**** Supplied material

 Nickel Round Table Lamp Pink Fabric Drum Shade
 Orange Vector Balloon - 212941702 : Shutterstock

********
**** Supplied material

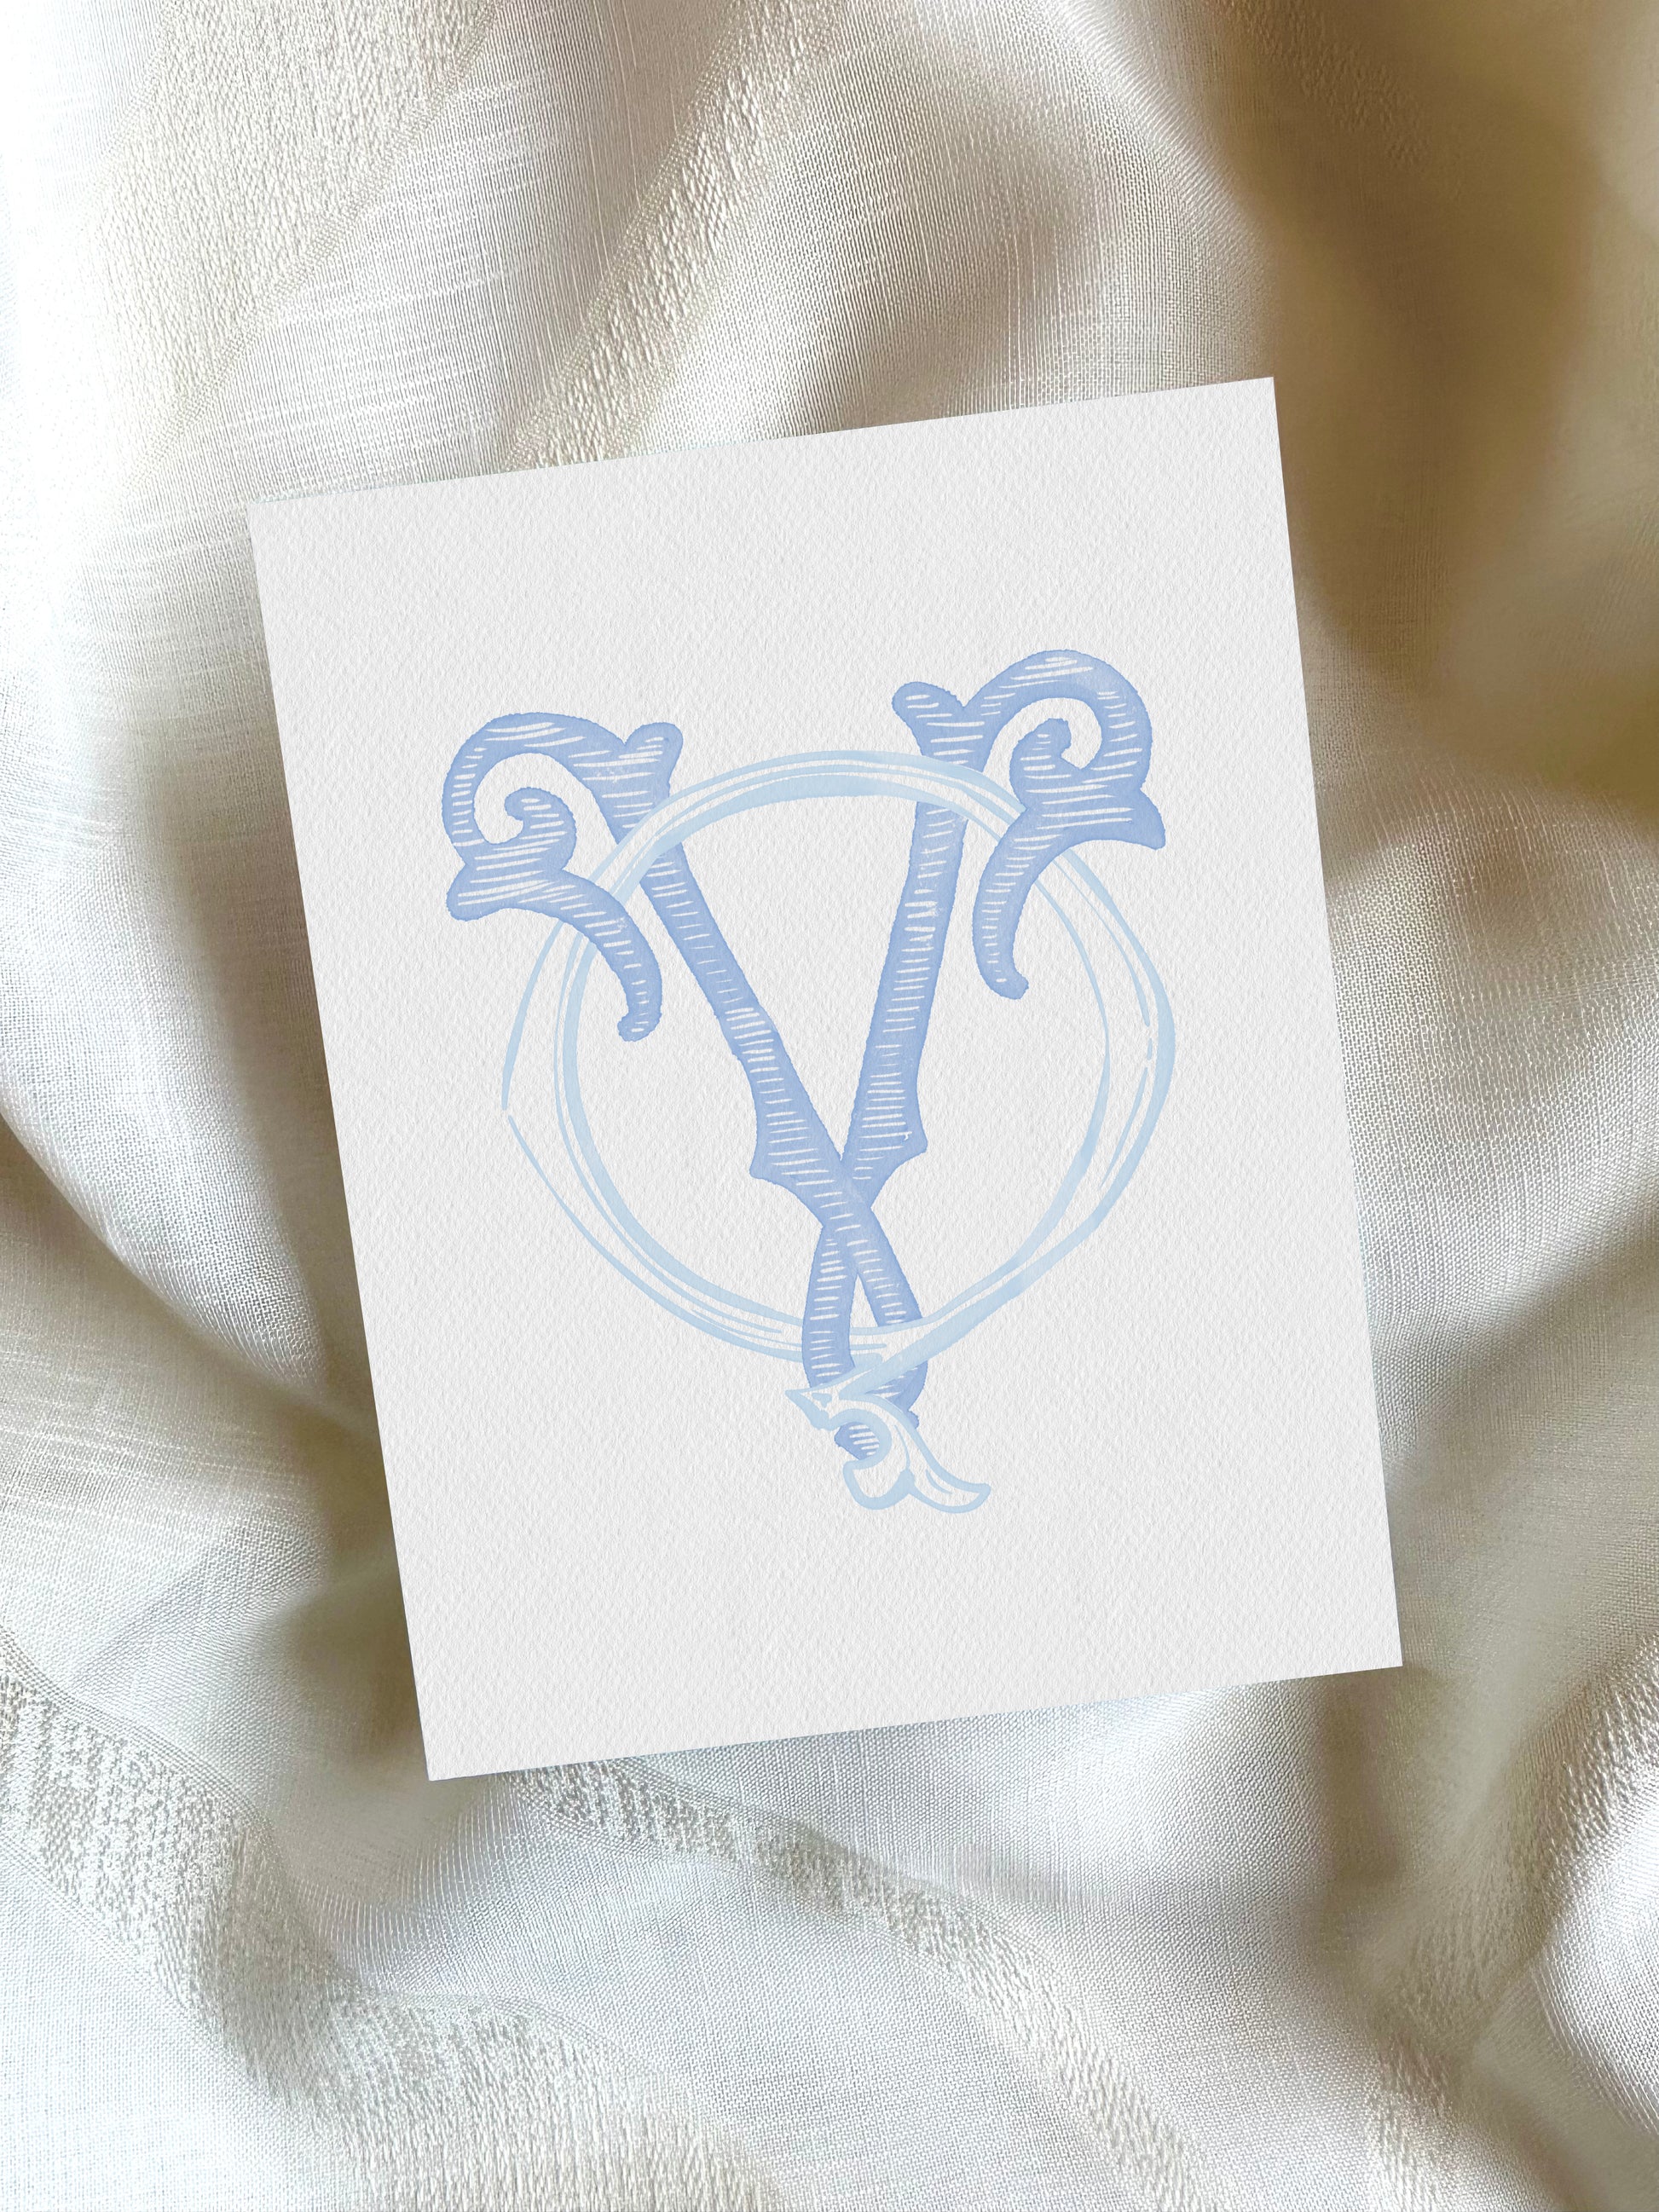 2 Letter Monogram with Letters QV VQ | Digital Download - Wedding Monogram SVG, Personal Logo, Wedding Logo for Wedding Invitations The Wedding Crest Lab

********
**** Supplied material

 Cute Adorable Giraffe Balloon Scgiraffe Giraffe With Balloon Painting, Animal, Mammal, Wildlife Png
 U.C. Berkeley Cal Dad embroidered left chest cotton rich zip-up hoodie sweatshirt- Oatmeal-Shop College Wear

********

▶ [Your assignment]: Scan the listing above for the line that has "Cute Adorable Giraffe", then copy exactly from that line through the line that has "U.C. Berkeley Cal".

▶ [Task output]:
 Cute Adorable Giraffe Balloon Scgiraffe Giraffe With Balloon Painting, Animal, Mammal, Wildlife Png
 U.C. Berkeley Cal Dad embroidered left chest cotton rich zip-up hoodie sweatshirt- Oatmeal-Shop College Wear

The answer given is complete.